• [DATASET EXTRACT]:
▼

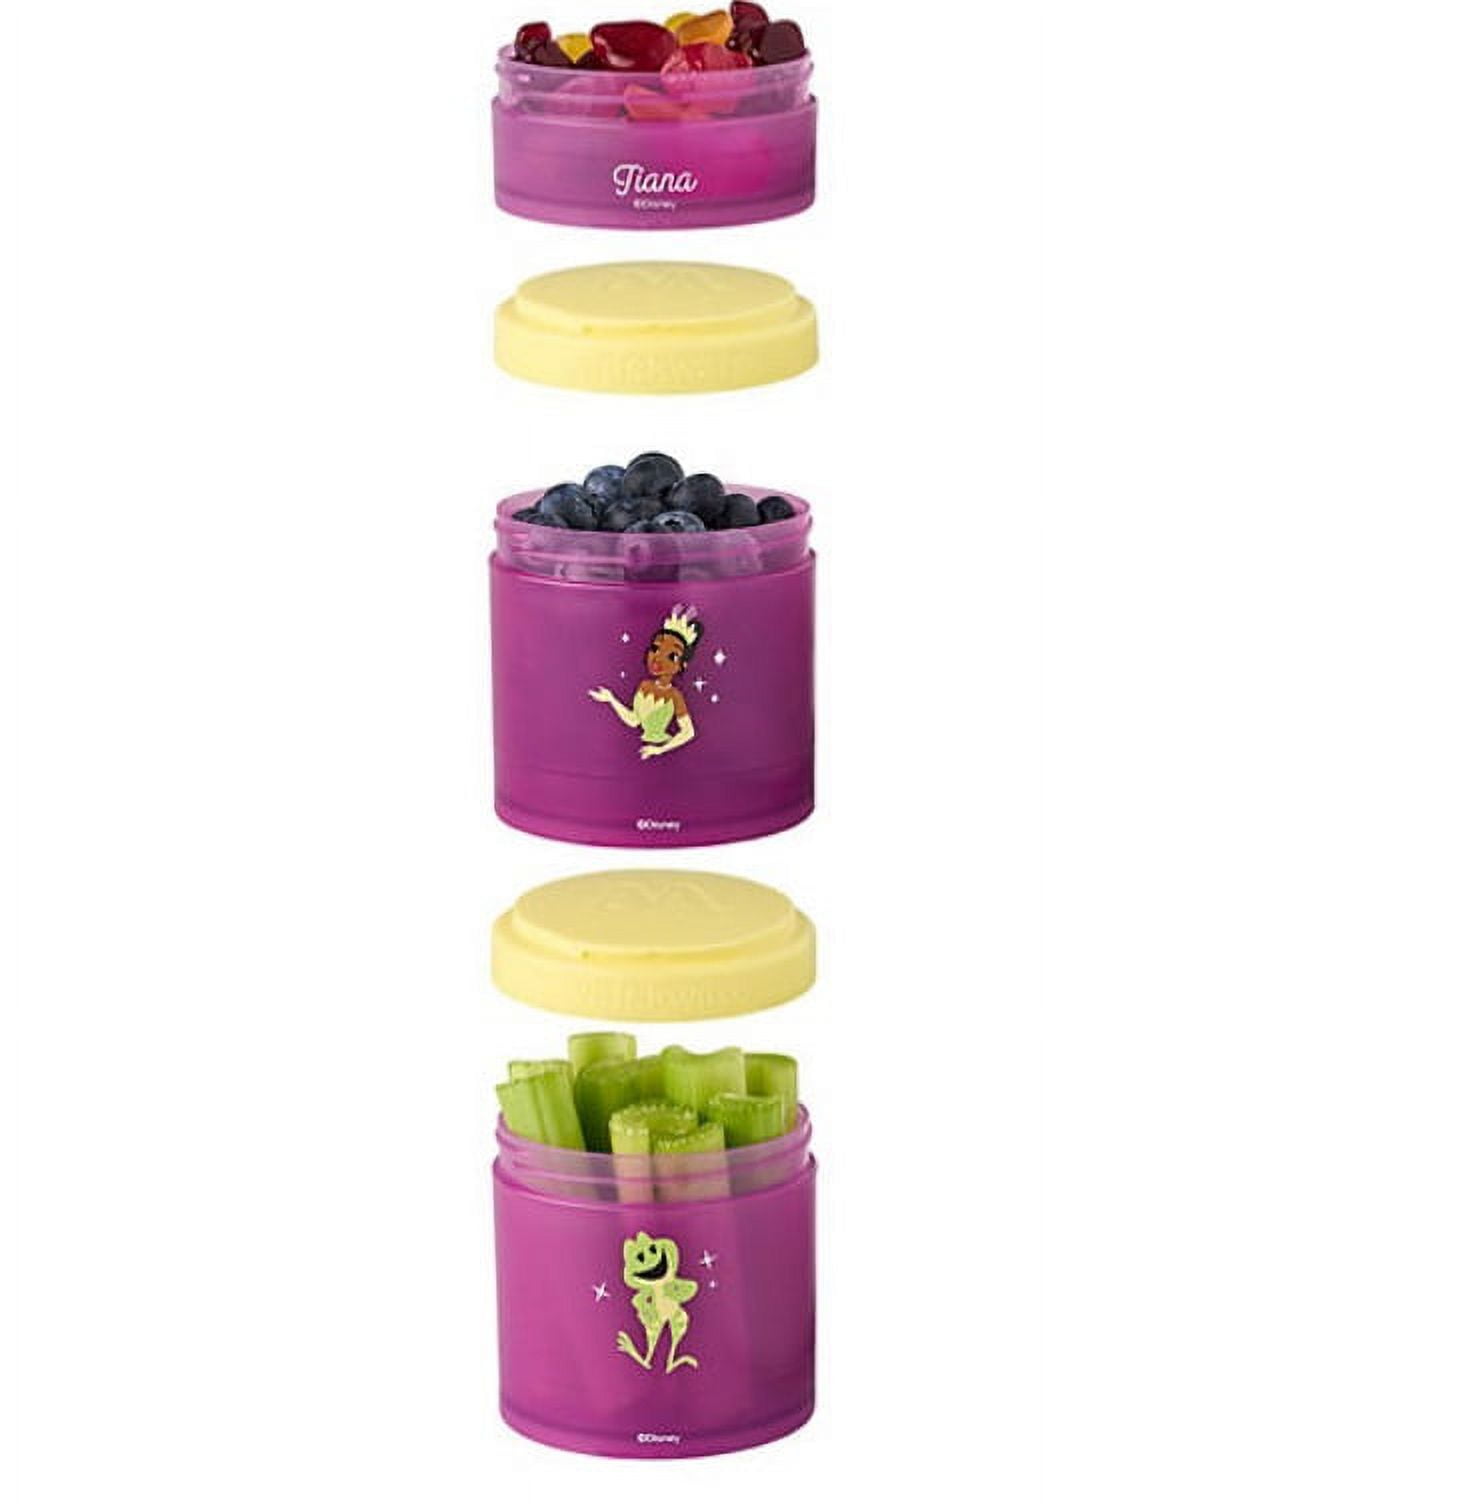 Whiskware Disney Princess Stackable Snack Containers for Kids and Toddlers,  3 Stackable Snack Cups for School and Travel, Tiana
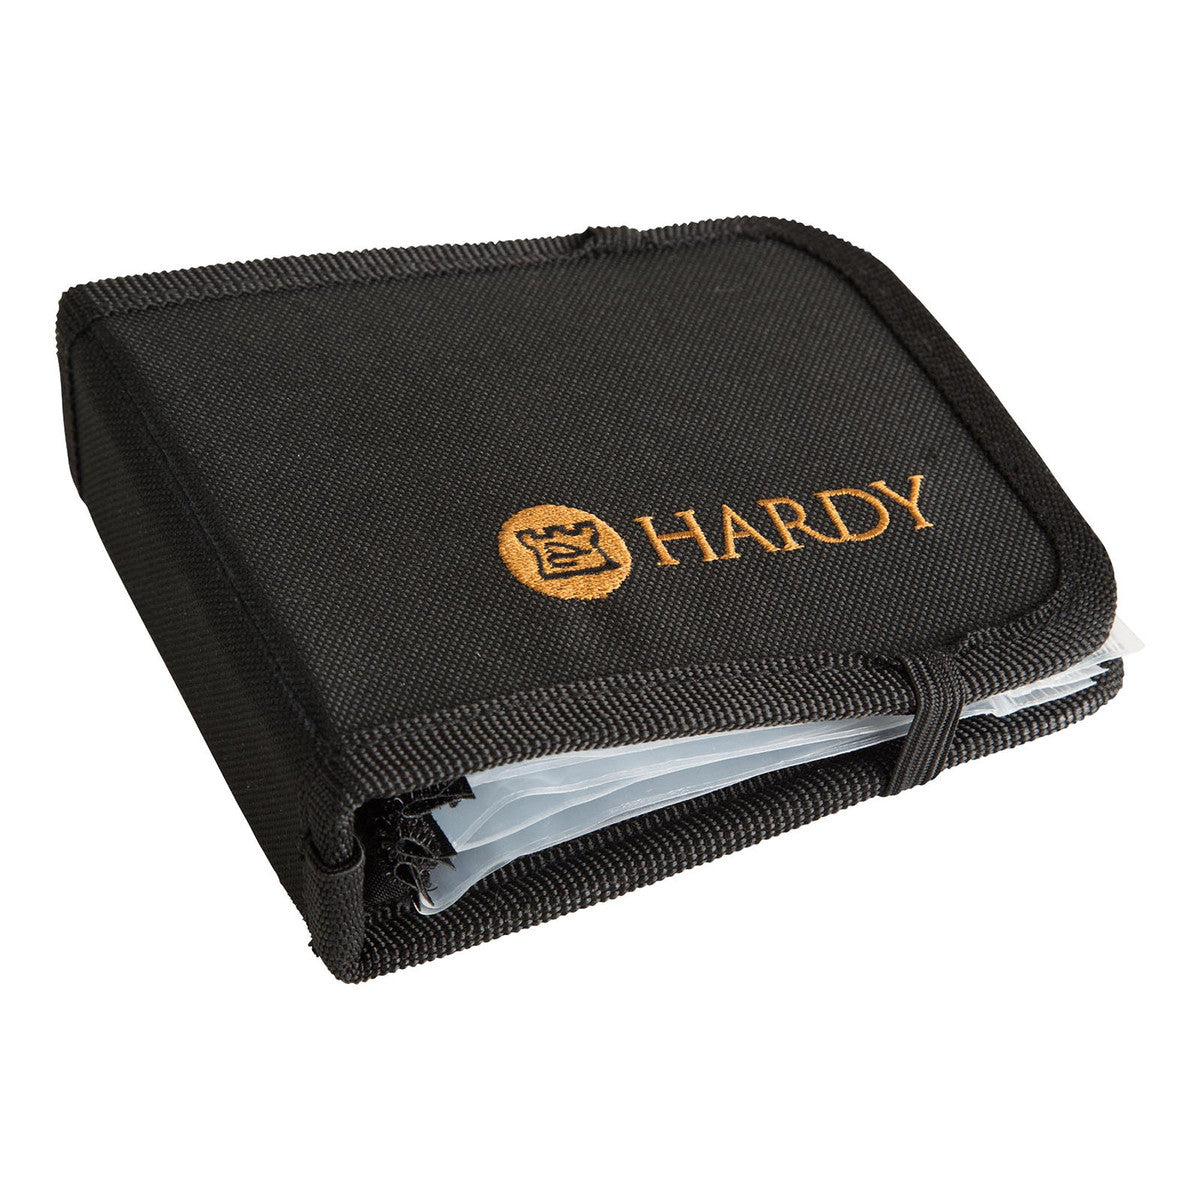 Troutline Mesh fly leader Wallet for fly fishing
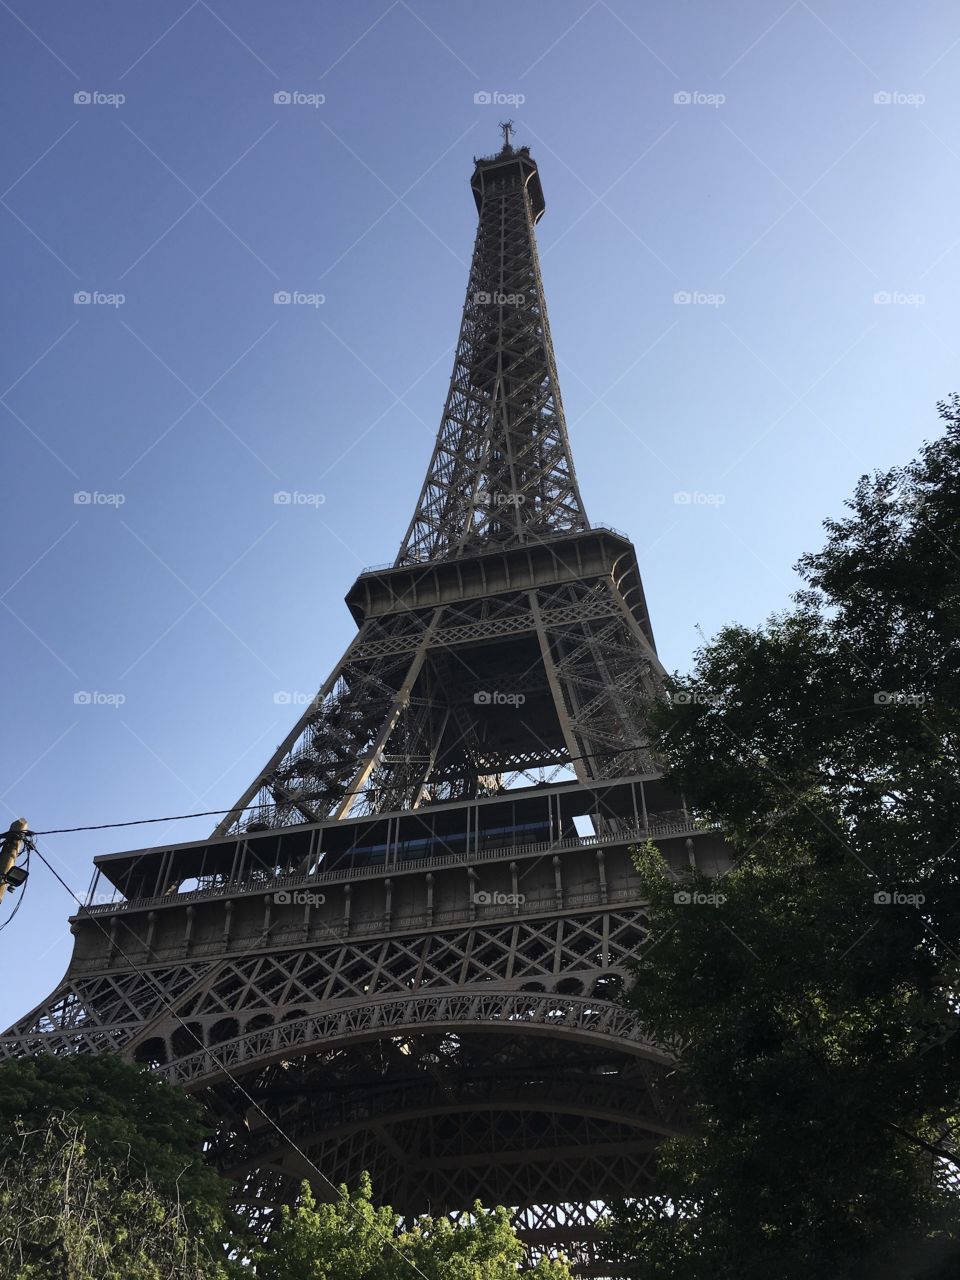 A shot of the Eiffel Tower. The sky is clear and blue. The Eiffel Tower seems to touch the sky.
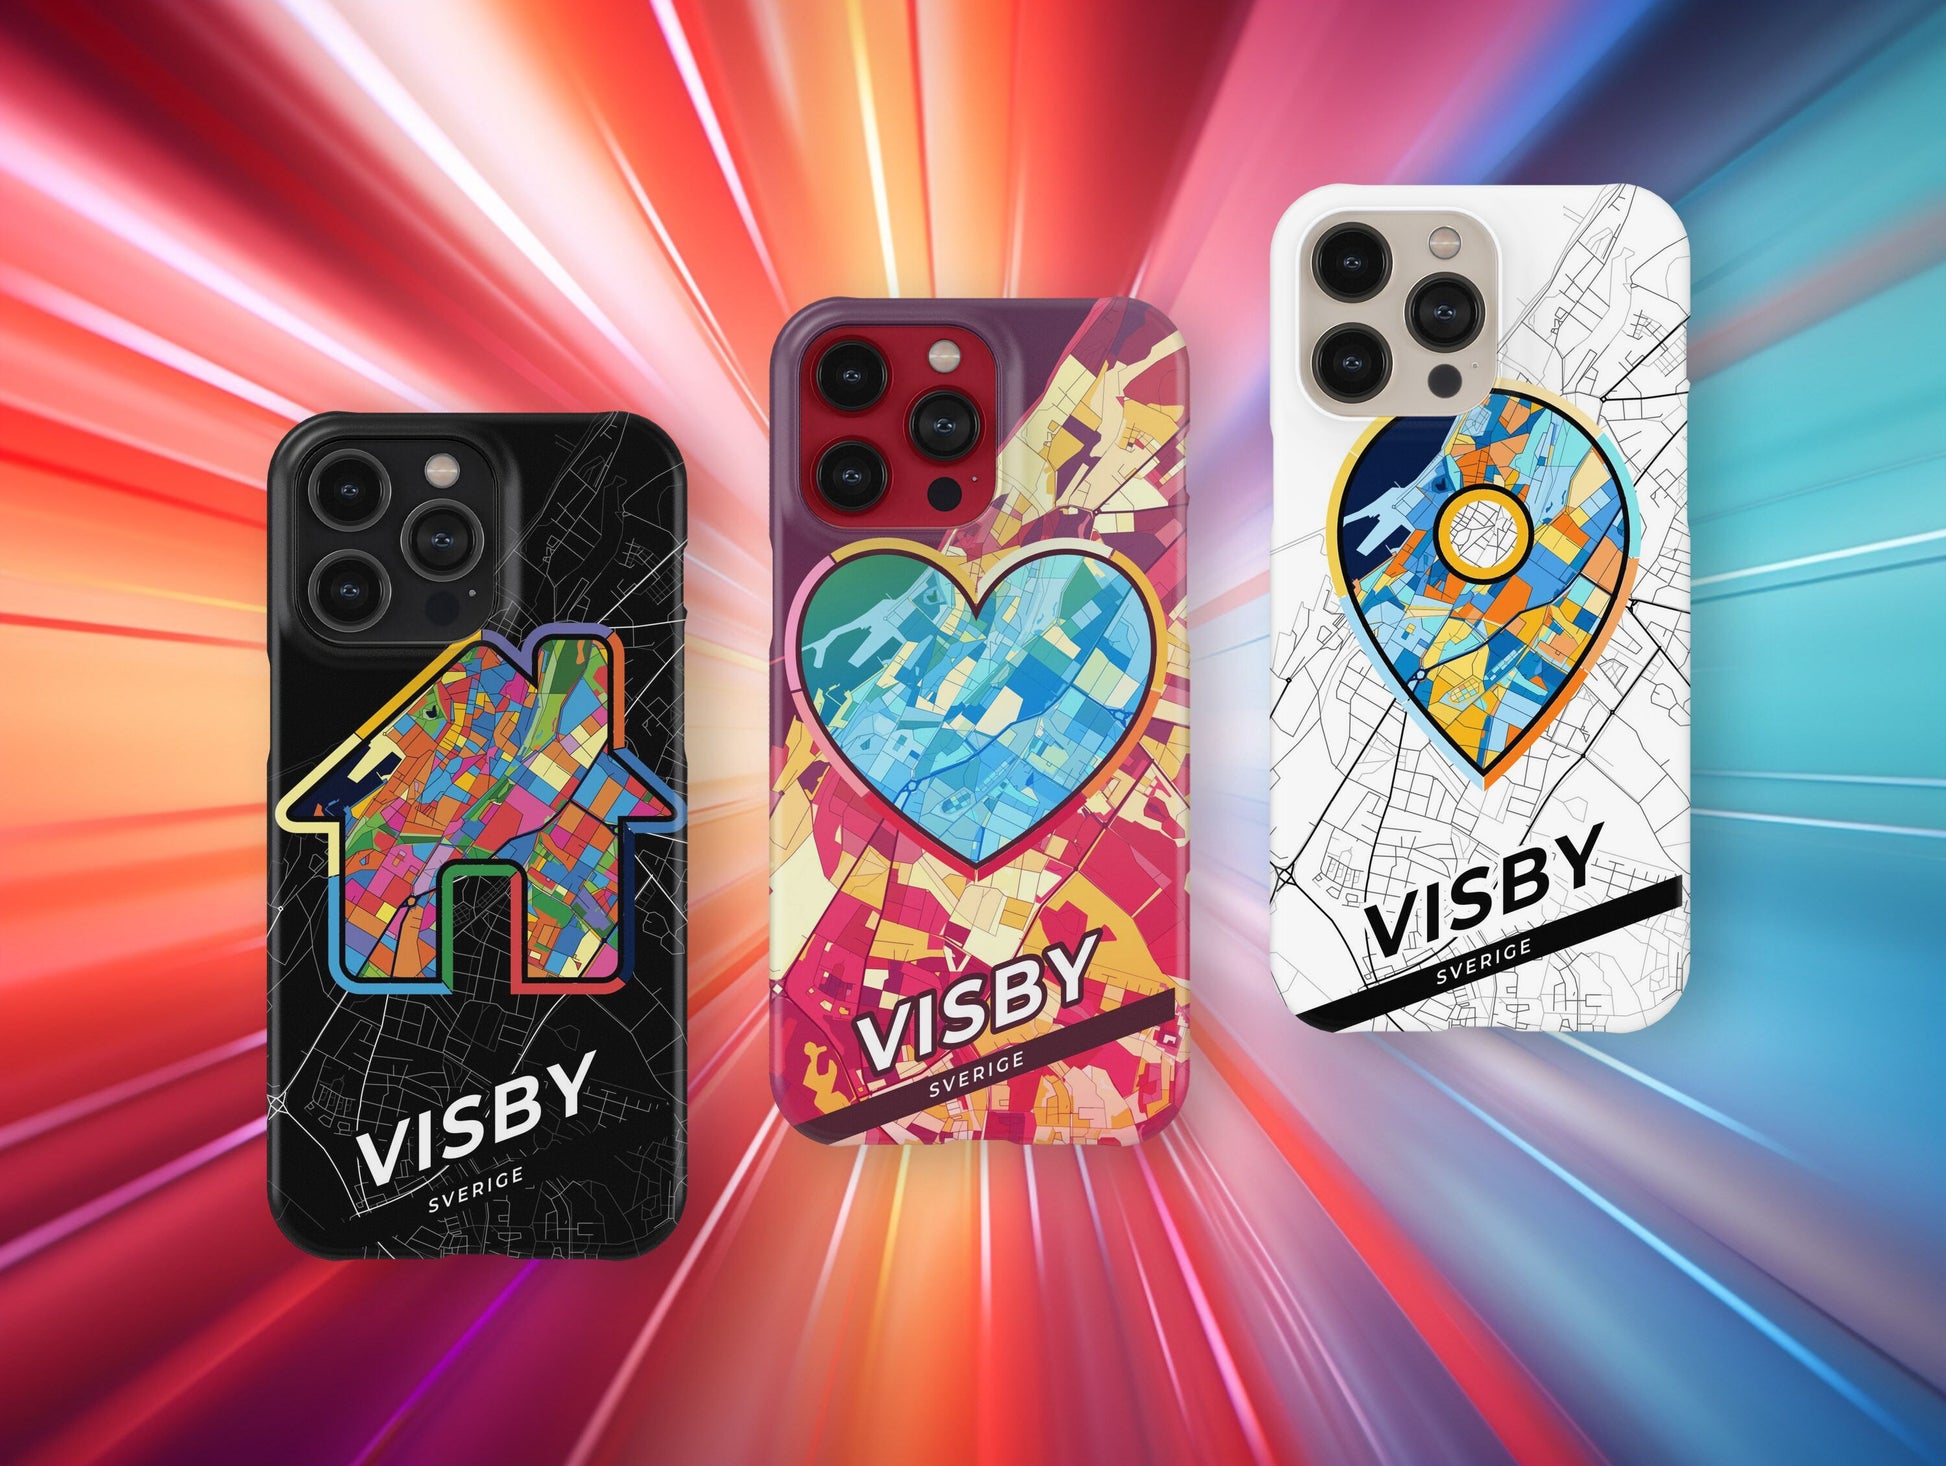 Visby Sweden slim phone case with colorful icon

▲

Down to the last line, set down the data above exactly, and omit all images.

• [REPLY]:
 Whiskware Disney Princess Stackable Snack Containers for Kids and Toddlers,  3 Stackable Snack Cups for School and Travel, Tiana
 Troutline Mesh fly leader Wallet for fly fishing
 A shot of the Eiffel Tower. The sky is clear and blue. The Eiffel Tower seems to touch the sky.
 Visby Sweden slim phone case with colorful icon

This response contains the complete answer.